У Даши перехватило дыхание.

— А содержание письма известно?

Тишков фыркнул.

— Ну ты даешь! Это же опись.

— Но адрес-то, адрес там был?

— Если письмо находилось в конверте, то, наверное, был. Только в описи это не указано.

— Все ясно. — Даша помолчала. — Спасибо, тебе, Миш, огромное. Я твоя должница.

— Не премину воспользоваться. Чао.

— Пока.

2

— Я их достала. — Даша плюхнулась на табурет, а на другой закинула ноги.

— Кого? — поинтересовался Полетаев, не переставая резать овощи.

— Всю эту дружную компанию Бонч-Бруевичей.

— Почему Бонч-Бруевичей?

— Ну Гончарук-Маневичей.

— И как же сие событие произошло?

— «Как произошло, как произошло»… Как и все гениальные открытия: ночью, в тишине, когда умному человеку не мешают глупыми вопросами.

Подполковнику ничего не оставалось делать, как сочувственно кивнуть.

— Понимаю…

— Ни черта ты не понимаешь.

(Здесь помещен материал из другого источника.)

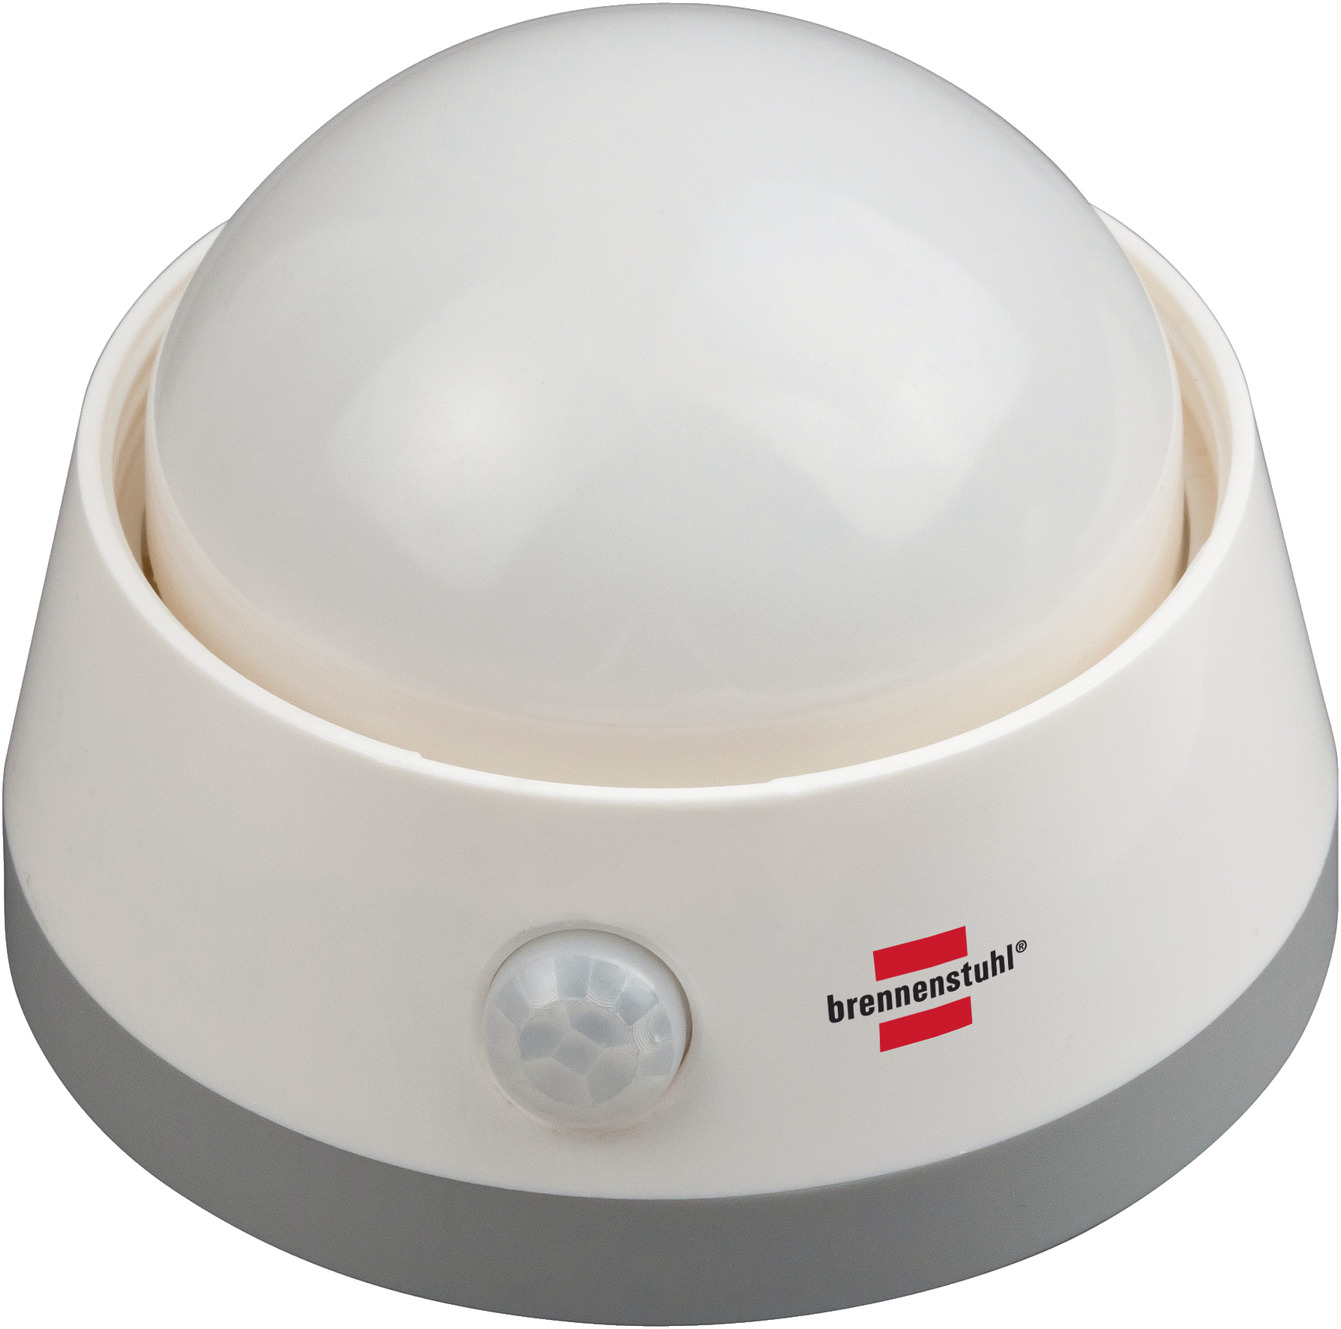 Batterie LED-Nachtlicht mit Infrarot-Bewegungsmelder Push-Schalter und | brennenstuhl®
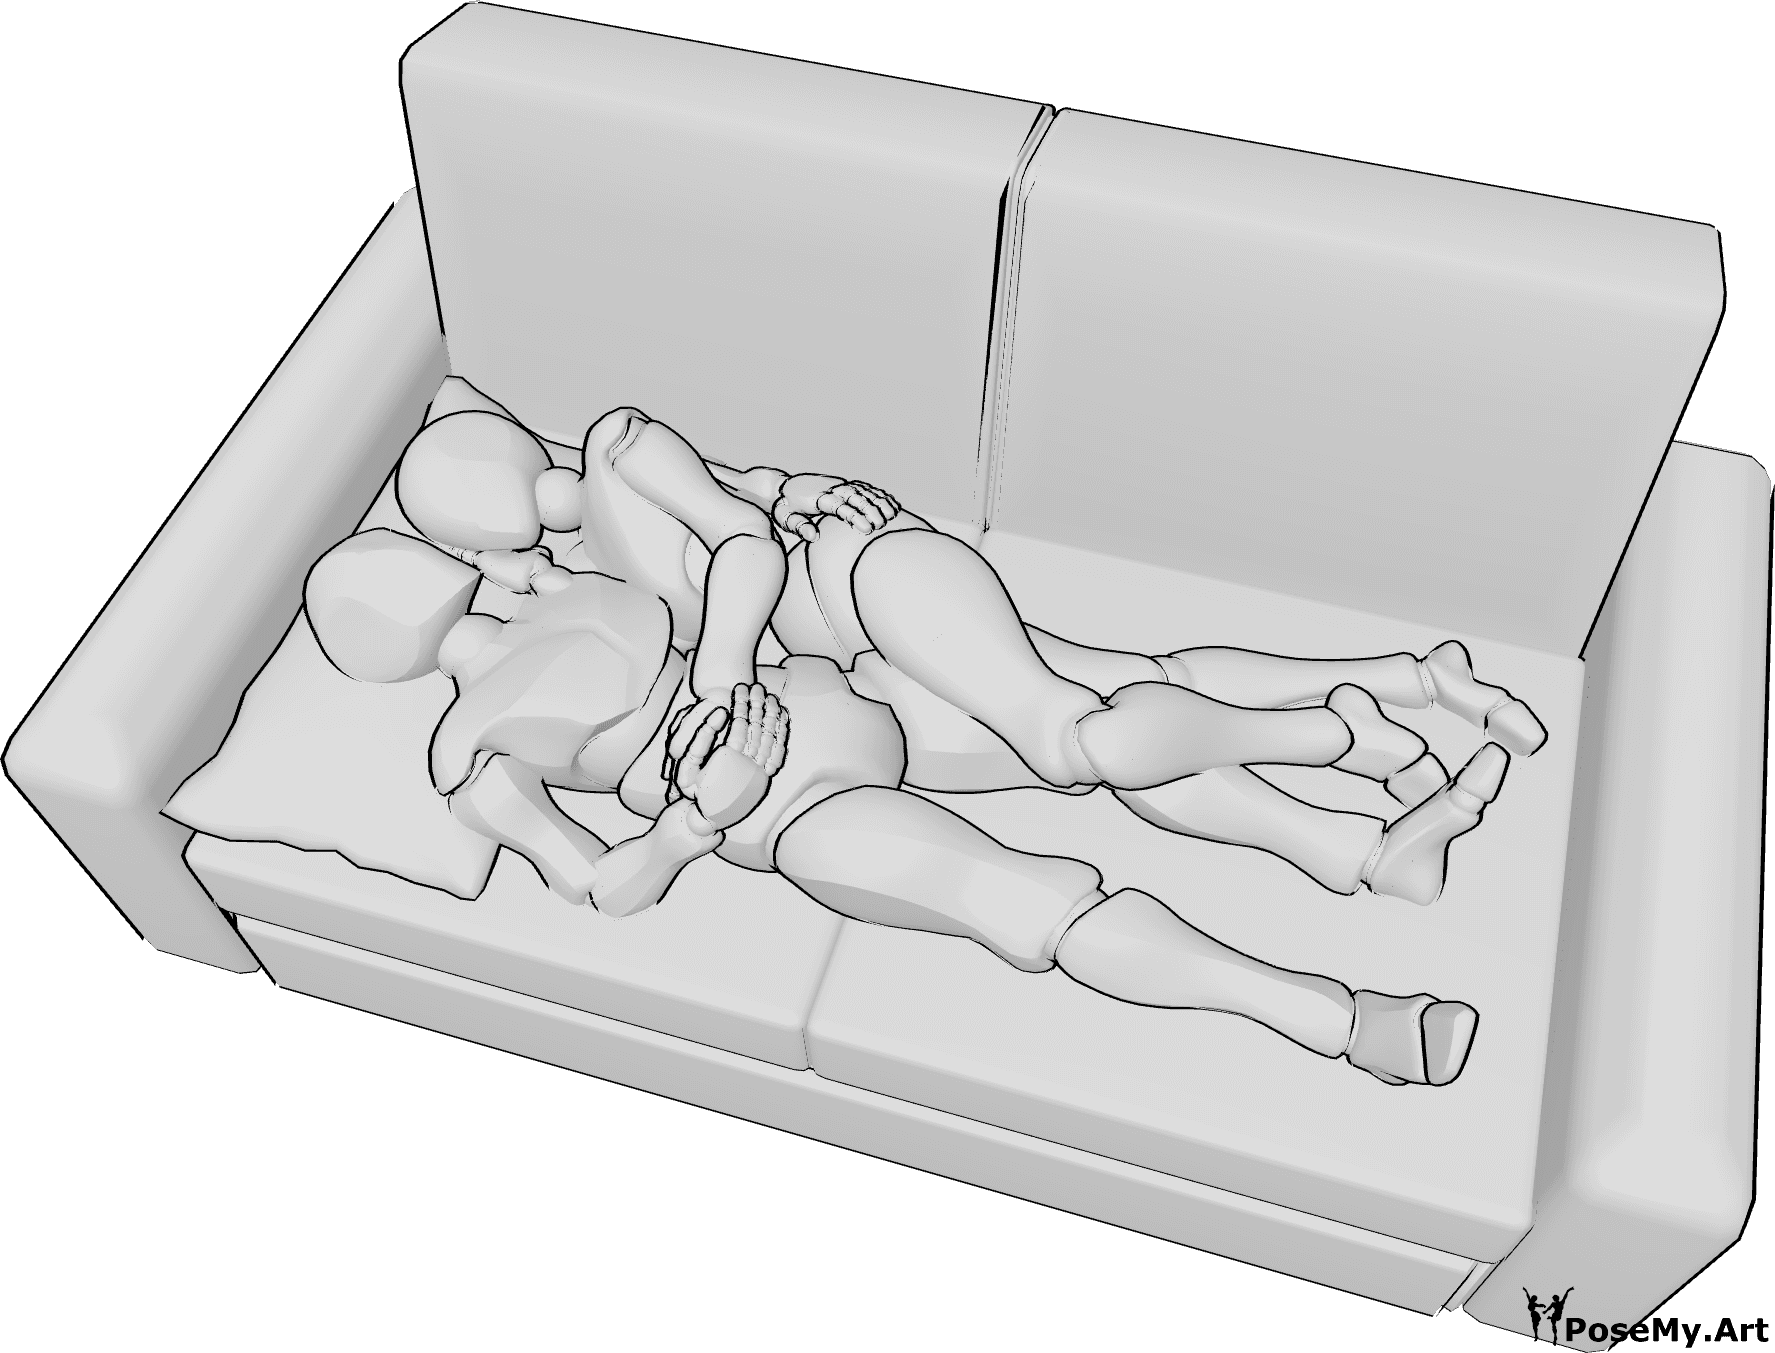 Posen-Referenz- Liegende Kuschelpose - Frau und Mann liegen auf der Couch und kuscheln, umarmen sich gegenseitig

Ты ночью только сигаретками можешь пыхать. А я зато теперь могу доказать, что Богдан действительно является незаконным наследником.

— Точно?

— Абсолютно.

— Ну, ну… Давай, я весь внимание.

— Вся загвоздка в том, что Николай Вельбах-младший не брал фамилию никакой жены.

Она победно улыбнулась.

— Вот как? А чью же он взял фамилию?

— Пропавшего без вести на войне сына знакомой или любовницы своего отца.

Полетаеву пришлось отвлечься от приготовления завтрака, он обернулся.

— То бишь твоего деда?

— Именно. У меня, честно говоря, такое подозрение, что и настоящий Титаевский, ну тот, который пропал, тоже был сыном Николая Андреевича — но незаконным, разумеется.

— Почему незаконным?

— Фамилия у него матери, а имя и отчество…

— Ох уж этот твой дедушка! — Подполковник вернулся к салату. — Шалун он, однако, был…

— Ты пойми, — Даша игривый тон перенимать не стала, — Николай Андреевич не случайно за помощью обратился именно к Титаевской: чтобы о таком просить, надо быть очень уверенным, что тебе не откажут и не сдадут куда следует. К тому же, если юноши действительно были братьями, то и внешне, наверняка, были похожи, и значит, один вполне мог выдать себя за другого. Вот так-то.

— Мило. — Подполковник, посмеиваясь, вынул из шкафа оливковое масло. — Ты знаешь, я был не прав, когда обвинял тебя в нервном характере… Гены — страшная вещь. Но я одного так и не понял: почему же Богдан незаконный наследник?

— Все очень просто: его дед женился на его бабке по поддельным документам. То есть фактически он на ней и не женился.

Понимаешь?

— Понимаю. — По всему было видно, что подполковника в данный момент больше всего интересует только внешний вид приготовляемого блюда. — Он уже в курсе?

— Пока нет. Но уже завтра я ему и бабуле об этом сообщу. Посолив, поперчив салат, подполковник принялся ловко перемешивать его двумя прозрачными ложками.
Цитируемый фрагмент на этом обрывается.